IT Support San Antonio
The High Cost of Inefficient IT Support on the End User Experience
What does IT support cost your business? Does the quality of the IT support your company delivers improve or diminish the bottom line?
Measuring application performance, Aberdeen Group research showed us that business performance starts to decline when key applications are just 5 seconds slower than usual. Said another way, if one key application stops responding for 5 seconds for a company with 1000 employees, almost an hour and a half of productivity have been lost.
What can we do about that, turns out quite a lot, but that is likely not where the biggest hole in your IT support operation is. The biggest hole in your profit bucket is likely the newest guy in the IT department, and the new guy almost always sits on the support desk.
IT support desks should be like a pit crew on race day with the singular objective to resolve issues and get employees productive again as soon as possible.
MetricNet, a company focusing on the quality and metrics of support desks, did the research on IT support desks and the results will probably have you rethinking how you handle IT support and allocate training dollars.
According to their research on the average cost of Level 1 IT support, that first guy that picks up the phone when end users call, is $22 per ticket.

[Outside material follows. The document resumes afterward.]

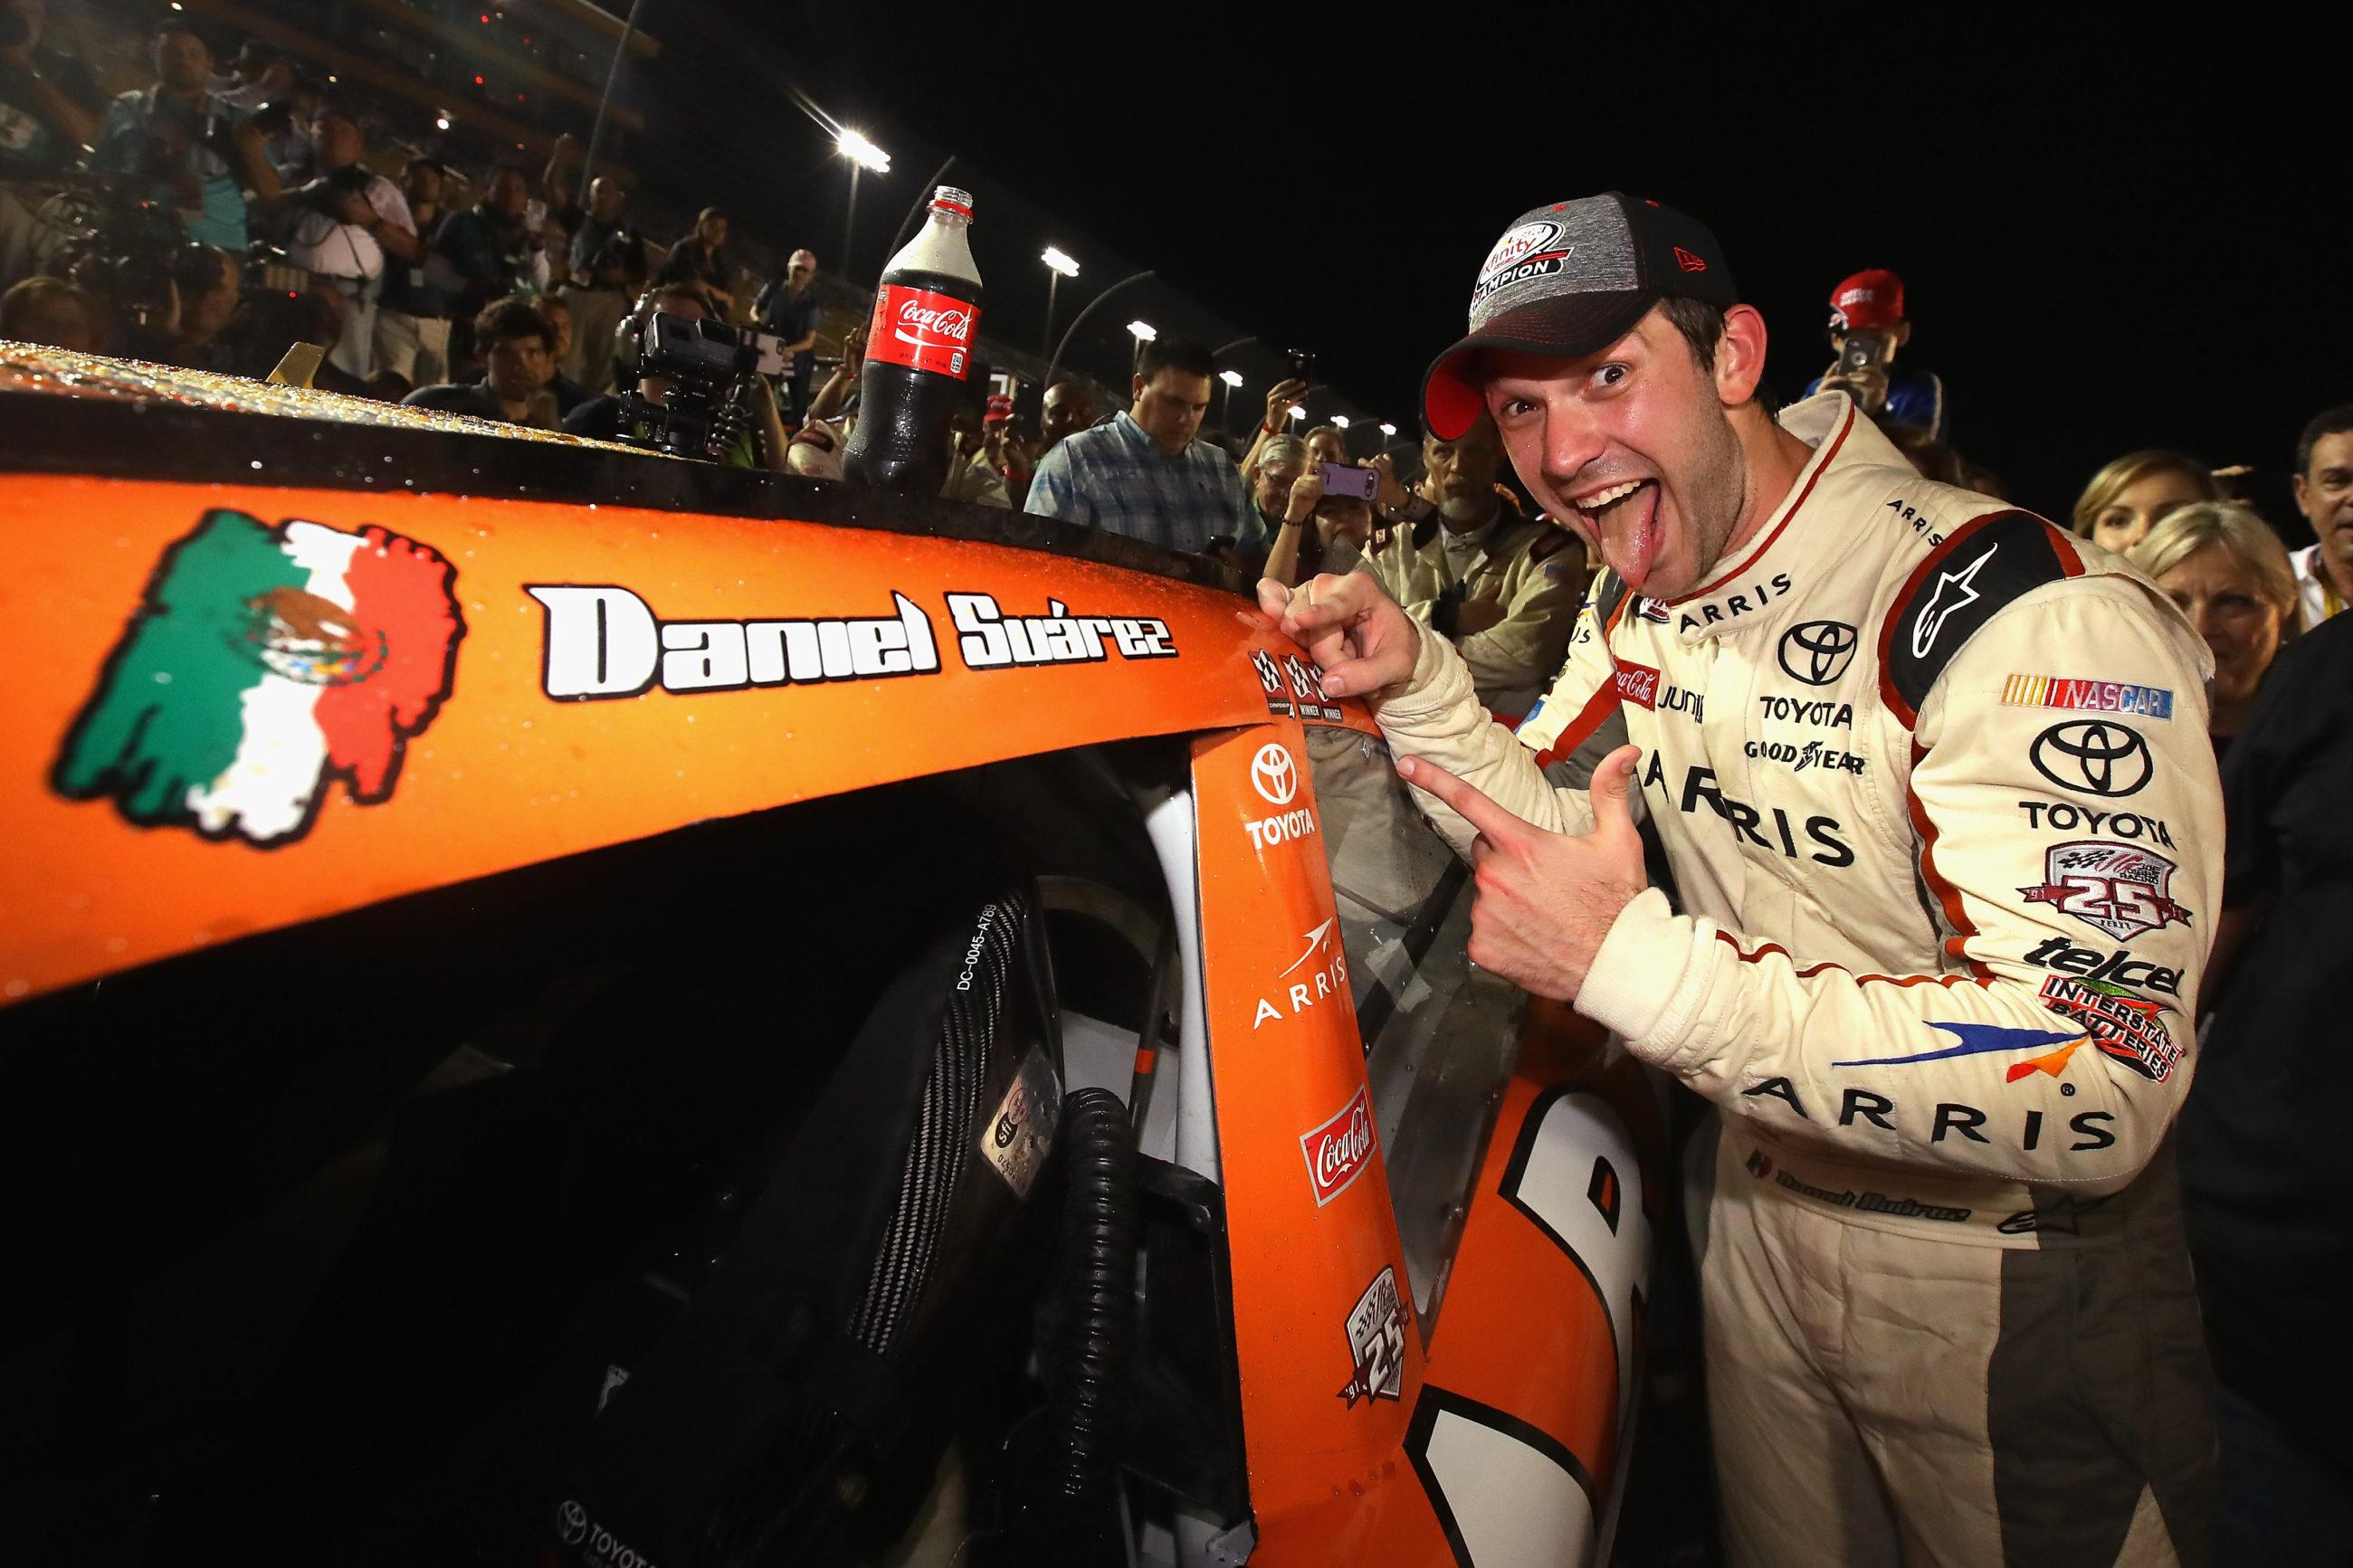 Final 2016 NASCAR XFINITY Series Championship Points - 2016 NASCAR Xfinity Champion Daniel Suarez
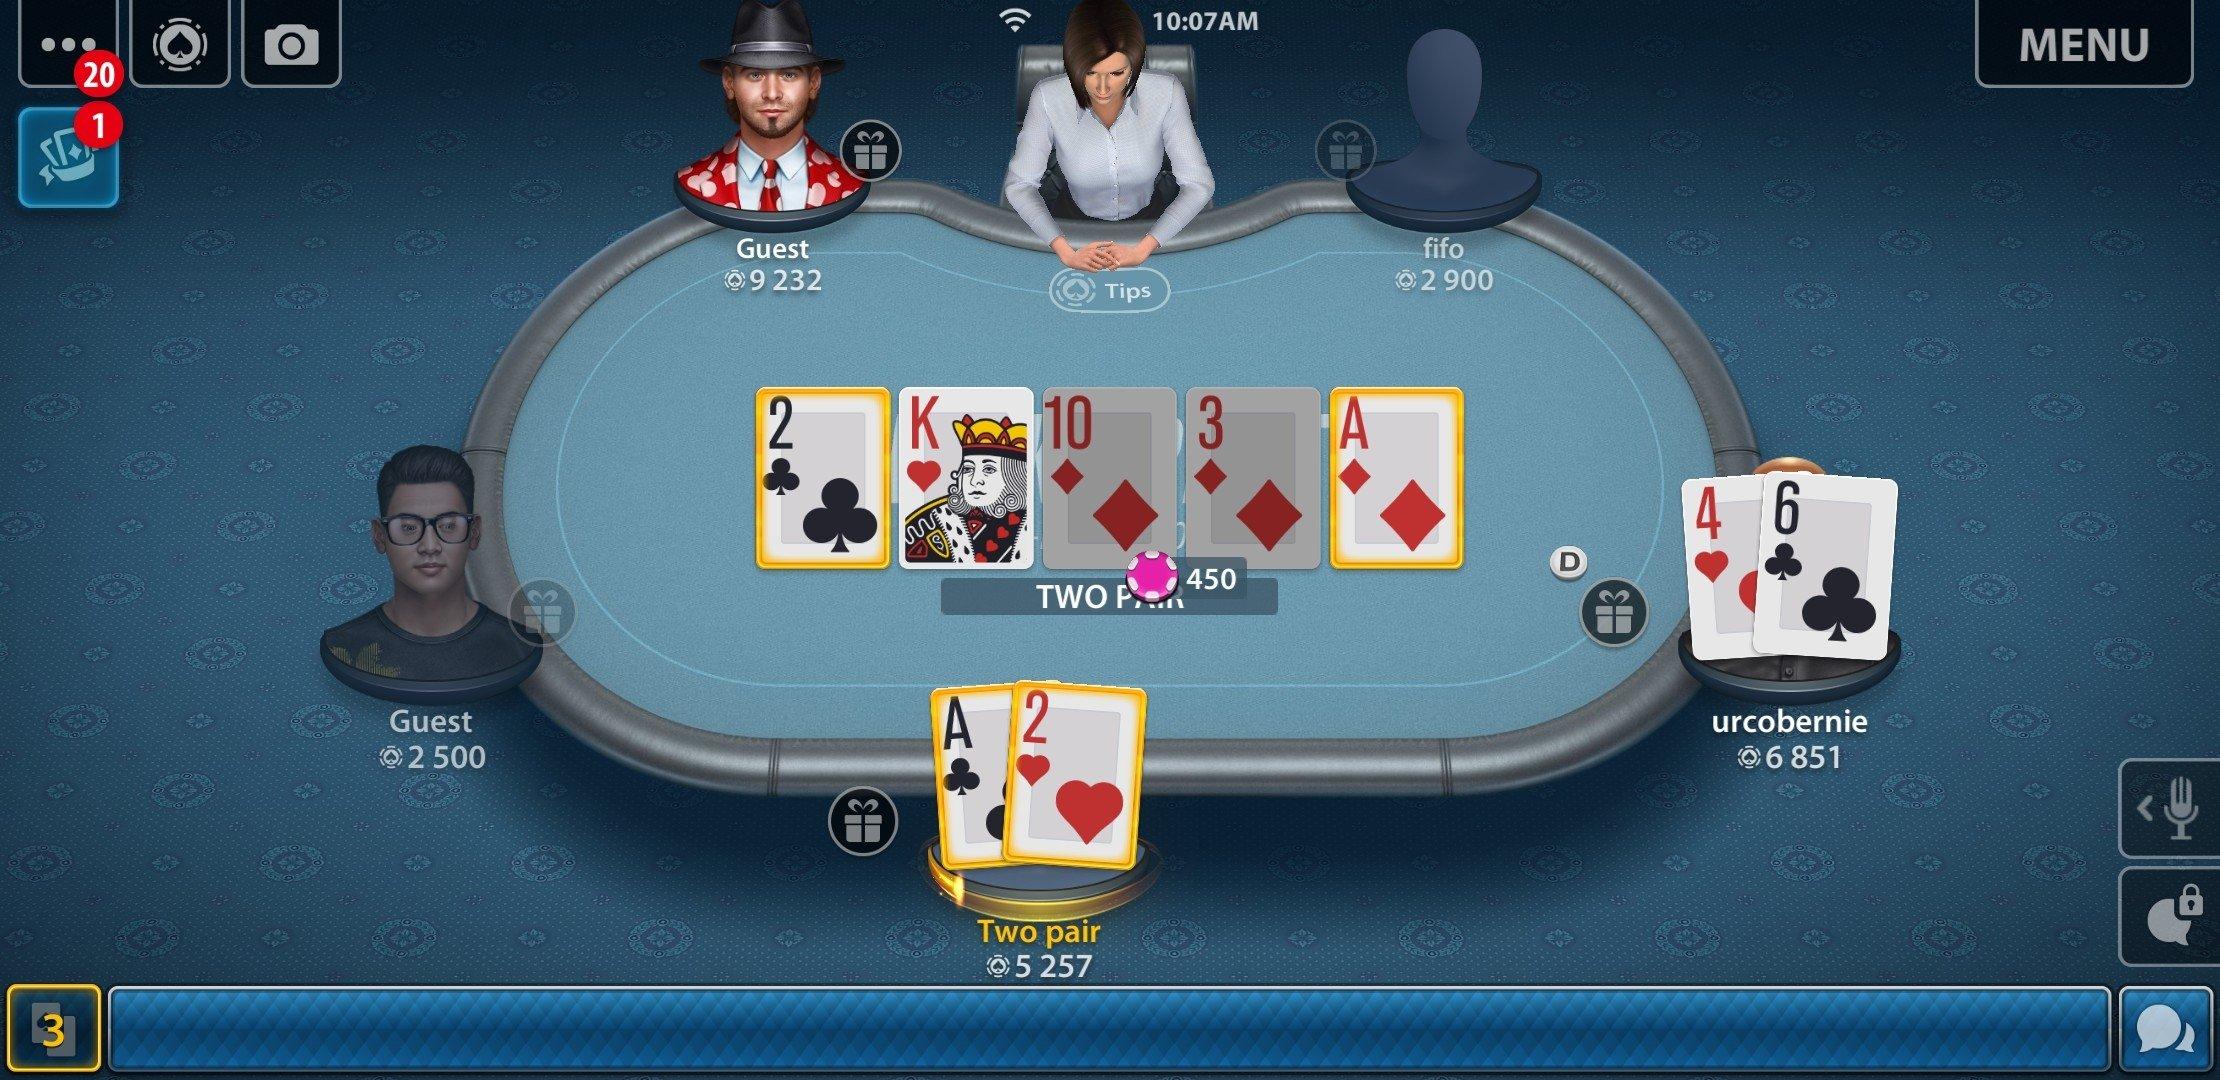 Pokerist Android image 4

Even more interesting than that is what happens to the average cost of a support ticket when the Level 1 guy does not have an answer for the problem and escalates the ticket to the next level. The cost of the ticket nearly triples, averaging $62 for Level 2 support.
The average number of tickets, again thanks to MetricNet, is 164 per IT support technician. If we could resolve even half of those tickets and eliminate the need to escalate to Level 2 could save $3,281 a month or almost $40,000 per IT support technician/year. (82 tickets x $62 per ticket – 82 tickets x $22 per ticket) x 12 = $39,373 per tech)
Escalating a ticket to the top level, vendor support, cost doubles again from $196 per ticket to an average ticket cost of $471 albeit on a much smaller quantity of tickets.
The finer point here is we are not talking about refining your IT support operation to the point where you can squeeze another 5 seconds of productivity out of your organization when the escalation of tickets through the levels of support is likely impacting you in a more significant way.
To reduce your IT support ticket costs, you have three levers:
- Reduce the numbers of tickets with proactive maintenance, replacing troubling systems and educating end users.
- Reduce the time spent per ticket by improving the tools your support desk has to work with or improving your documentation and incident knowledgebase.
- Establish metrics like Cost per Incident, Cost per Service Request, First Contact Resolution Rate among others to remove the guesswork and help you see the specific aspects that are causing your IT organization the most churn.
Each employee is a productivity engine. When systems work right, the End User Experience, job quality, and productivity increase.
The final message here is that getting an understanding of what IT support tickets really cost your organization at each level of escalation can help you clarify the support desk mission and help you adjust focus to the six or eight metrics that will give you the visibility you need to begin making meaningful improvements.